The local AI inference landscape is rich. Projects like llama.cpp, vllm, and ollama serve broad model ecosystems admirably. So why would anyone build — and use — an engine locked to a single model?

The answer lies in what DeepSeek V4 Flash actually is.

"This project takes a deliberately narrow bet: one model at a time, official-vector validation, long-context tests, and enough agent integration to know if it really works."

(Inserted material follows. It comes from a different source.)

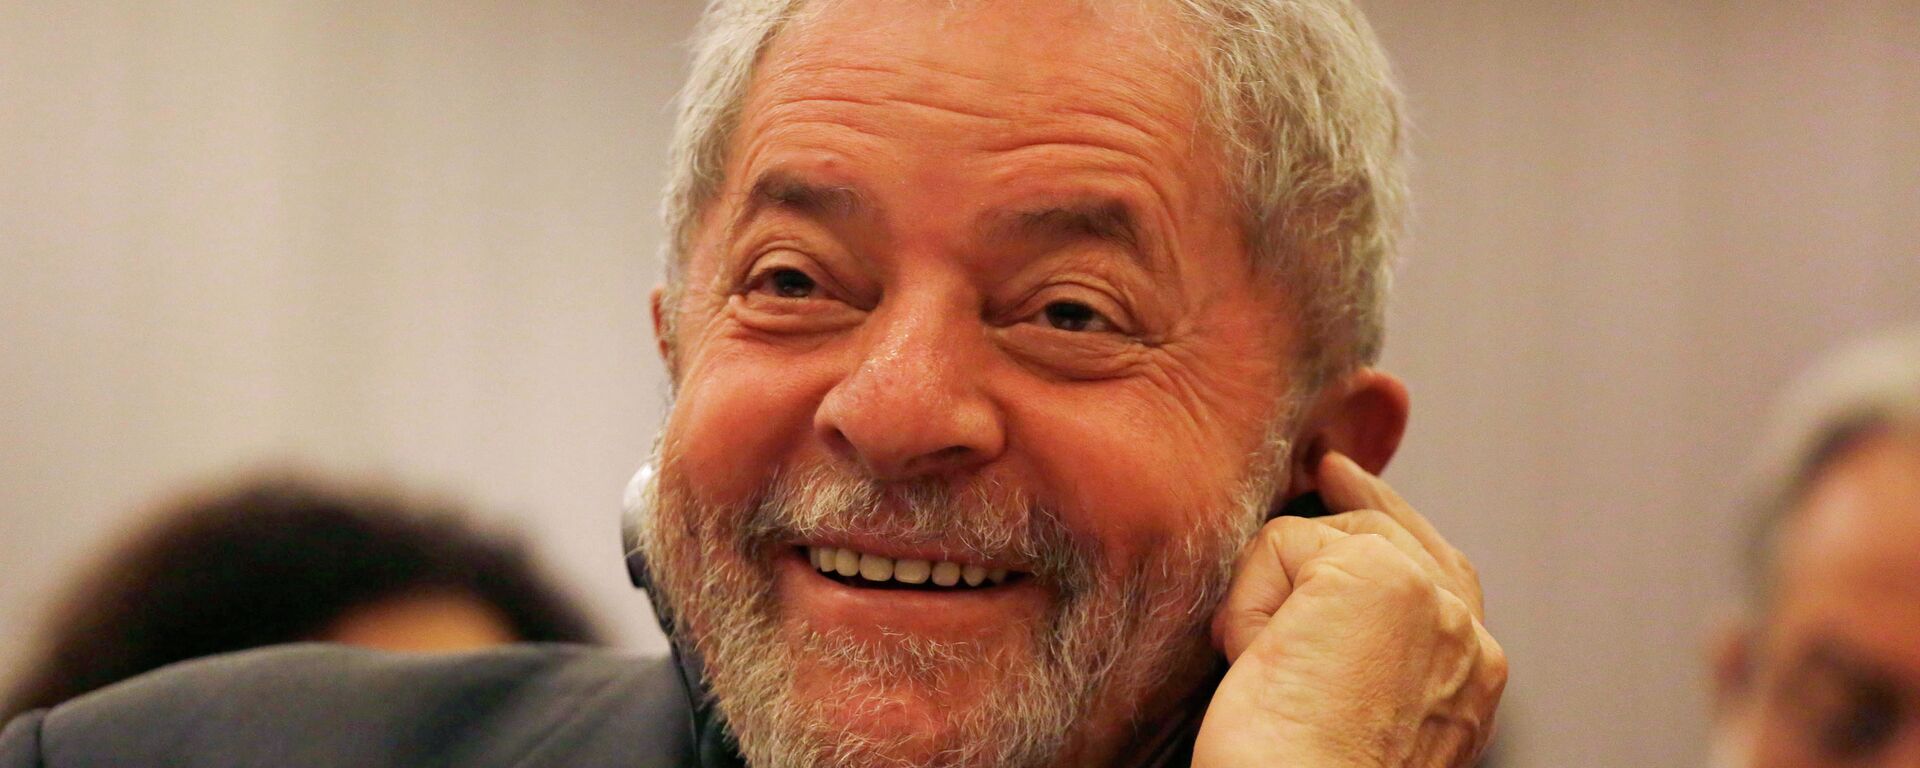 El expresidente de Brasil,  Lula da Silva - Sputnik Mundo, 1920, 16.12.2021

After rigorous comparison with powerful smaller dense models, the team behind ds4.c found that DeepSeek V4 Flash isn't just another model — it's a paradigm shift for local inference:

Feature DeepSeek V4 Flash Typical Dense Models (27B–35B)
Active Parameters Fewer (MoE architecture) All parameters active
Thinking Mode Length Proportional to complexity (~1/5th of others) Often bloated, impractical
Context Window 1 million tokens Typically 128K–256K
Knowledge Depth 284B params — vast knowledge Noticeably thinner at edge topics
Writing Quality "Quasi-frontier" English & Italian Good but distinguishable
KV Cache Extremely compressed, disk-persistent RAM-bound, memory hungry
2-bit Quantization Works well with special quantization Usually quality degrades badly

This isn't incremental improvement. This is a fundamentally different cost-to-capability ratio.


🏗️ Architecture: Intentionally Narrow, Intentionally Brilliant

Unlike generic GGUF runners, ds4.c is purpose-built from the ground up:

  • DeepSeek V4 Flash-specific Metal graph executor — not a translation layer
  • Custom GGUF loader — only reads the specially crafted quantization files for this project
  • DS4-specific prompt rendering — tuned for DeepSeek's chat template
  • KV state management — with disk persistence as a first-class citizen
  • HTTP API server glue — ready for agent integration out of the box

The philosophy is crystalline:

"The KV cache is actually a first-class disk citizen."

Modern MacBooks ship with blazing-fast SSDs. DeepSeek V4 Flash features an incredibly compressed KV cache. The combination means you can persist your conversation state to disk and resume it — something that fundamentally changes how you think about local inference on personal hardware.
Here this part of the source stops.